Chap, B. S.; Santoro, T.; Kosti, P.; Barras, D.; Fahr, N.; Desbuisson, M.; Benedetti, F.; Minasyan, A.; Andreoli, A.; Ghisoni, E.; De Carlo, F.; Benkortbi, K.; Salivaris, A.; Achtari, C.; Hastir, D.; Berezowska, S.; Abdelhamid, K.; Sempoux, C.; Perentes, J. Y.; Mathevet, P.; Garcia, J. C.; Coukos, G.; Dunn, S. M.; Lanitis, E.; Dangaj Laniti, D.

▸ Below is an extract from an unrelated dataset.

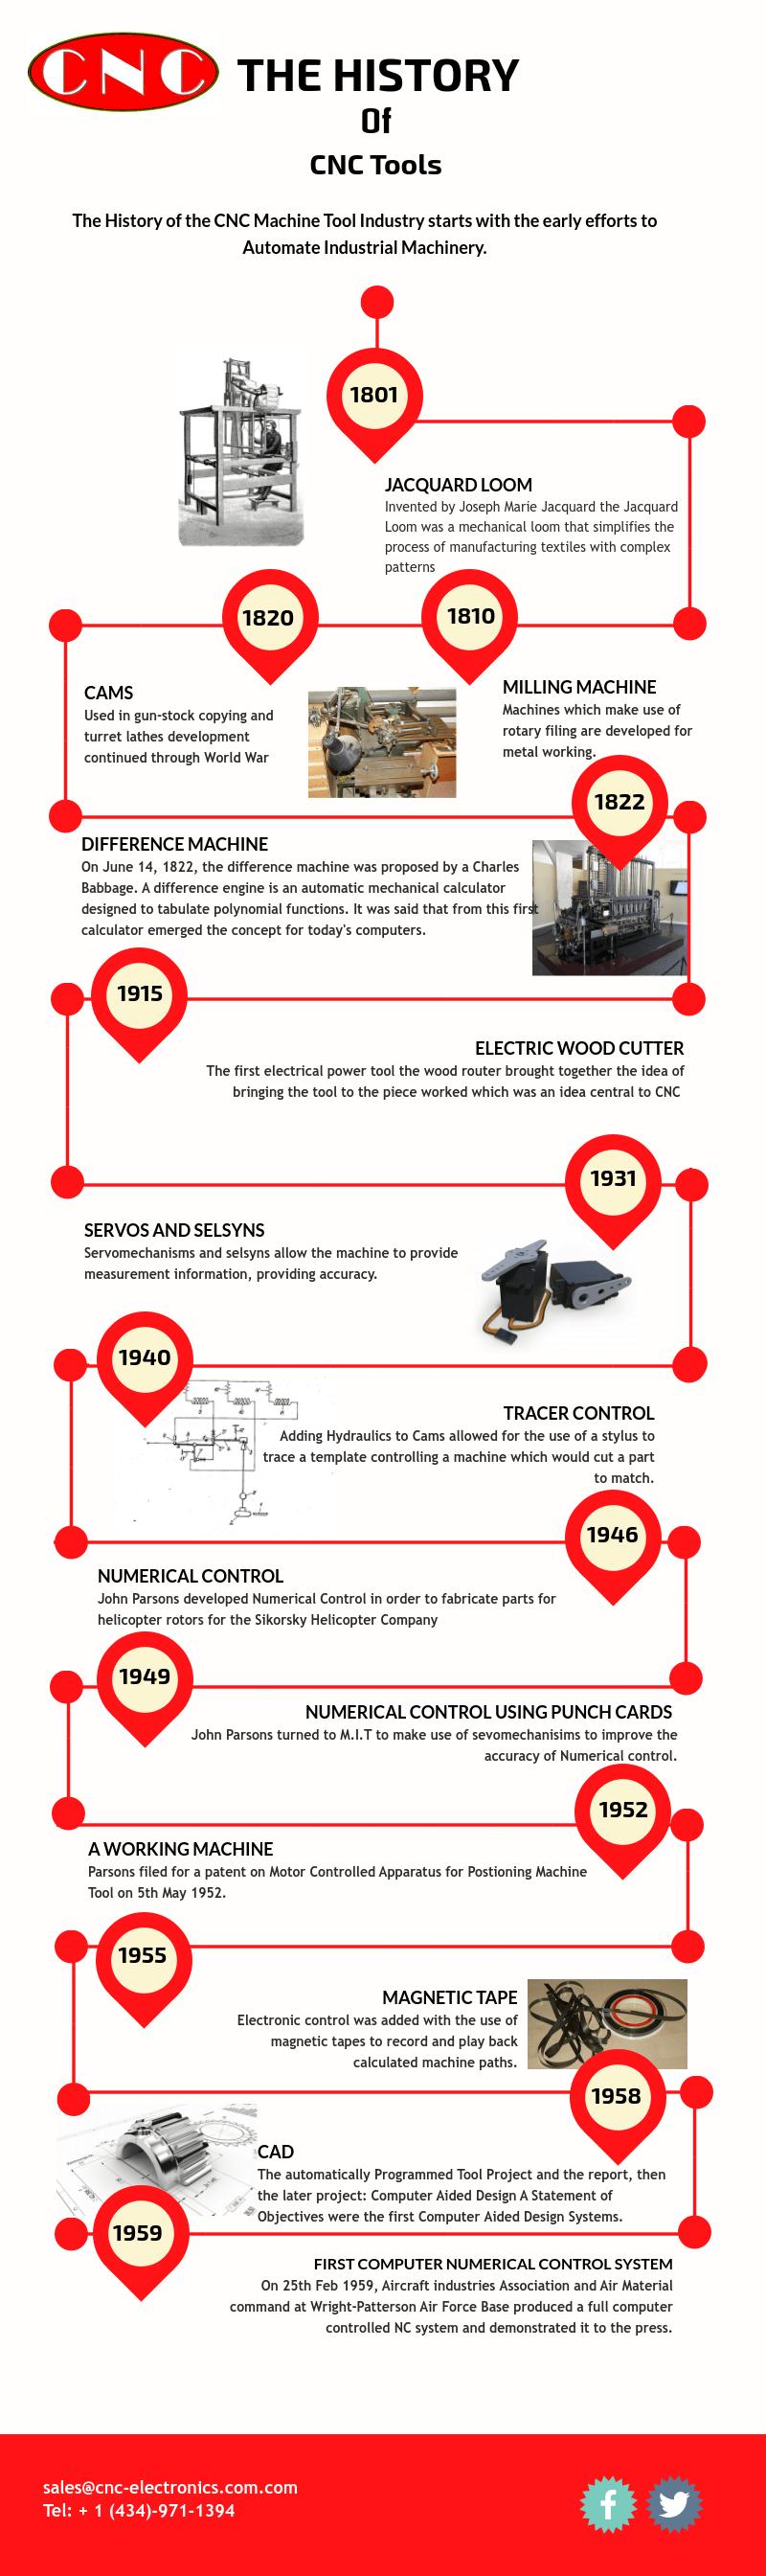 History Cnc Machine Tools Pt 1 1801 1959 Infographic Summary

Adoptive cell therapy (ACT) in solid tumors is limited by tumor microenvironment (TME)-imposed resistance mechanisms that are inadequately addressed by conventional systems. We developed tissue-preserving patient-derived explants (PDEs) from lung and ovarian cancer to interrogate redirected T cell immunity in intact human tissue. Using mesothelin-targeting bispecific T cell engager (BiTE, Amgen trademark)-secreting T cells, we observed antigen-dependent but heterogeneous responses across lesions. An integrated ex vivo response score stratified responder and non-responder TMEs, revealing that resistance associates with reduced antigen density, stromal dominance, and limited myeloid licensing rather than baseline lymphocyte abundance. Elevated prostaglandin E2 (PGE2) inversely correlated with BiTE-induced T cell activation, identifying the COX/PGE2 axis as a tissue-imposed constraint. COX inhibition amplified interferon-driven immune programs enhanced intratumoral CD8 infiltration, and increased tumor-restricted apoptosis. Spatial transcriptomics localized these effects to tumor-proximal immune hubs in responders, whereas non-responders remained stromally insulated. These findings position PDEs as human-based new approach methodologies enabling combinatorial ACT pharmacodynamics and stratification.